When debugging a user’s problem, or when starting development, finding where an error appears or where a log message has gone is a significant task. Potentially frameworks like Mesos Logstash can help here.

Community participation

I have heard of a number of people that have raised this issue. Open source projects rely on the community. If there are any barriers, however small, to this process the number of contributors will drop. From an outsiders perspective, the obfuscated commit process and the Apache processes (many would say “bureaucracy”) are a huge barrier for commits. Any commit process that requires 1500 words to describe it is too long.

Conclusions

This post has been rather scathing, but it is intended to be constructive. To highlight the importance and inspire Mesos to re-focus on usability.

Right now, there are a number of major issues that are preventing users from choosing Mesos, preventing developers from producing feature-rich software and reducing contributions. Many of these issues are fixable. Most issues can be fixed with a concerted effort to improve the look, feel and content of the documentation.

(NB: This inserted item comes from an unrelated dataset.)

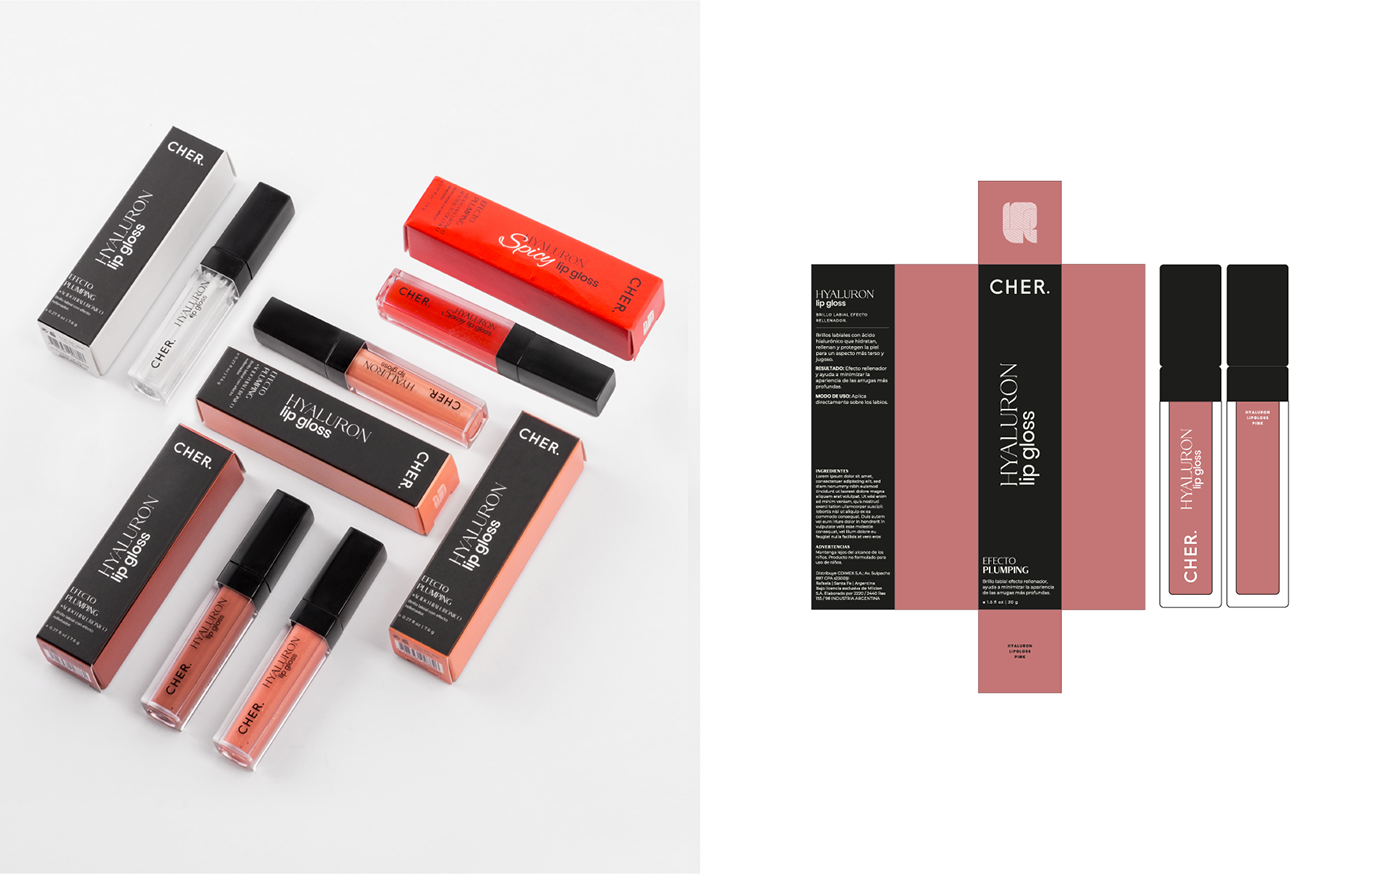 Packaging and label for lipgloss and dielines showing typographic layout

Version compatibility is an easy fix. It simply takes development effort. The Mesos developers should always remember that there are others who rely on them. If they make breaking changes, then it should be clearly communicated. If they make breaking changes often, then they risk users using old versions and ultimately leaving for a competitor.

Some of the other issues may not be fixable. For example, there was probably a justifiable reason for using C++ and the effort required to rewrite everything is probably too great. But whilst this is a reason, it does not remove the problems of trying to implement and debug software on a complex C++ based system.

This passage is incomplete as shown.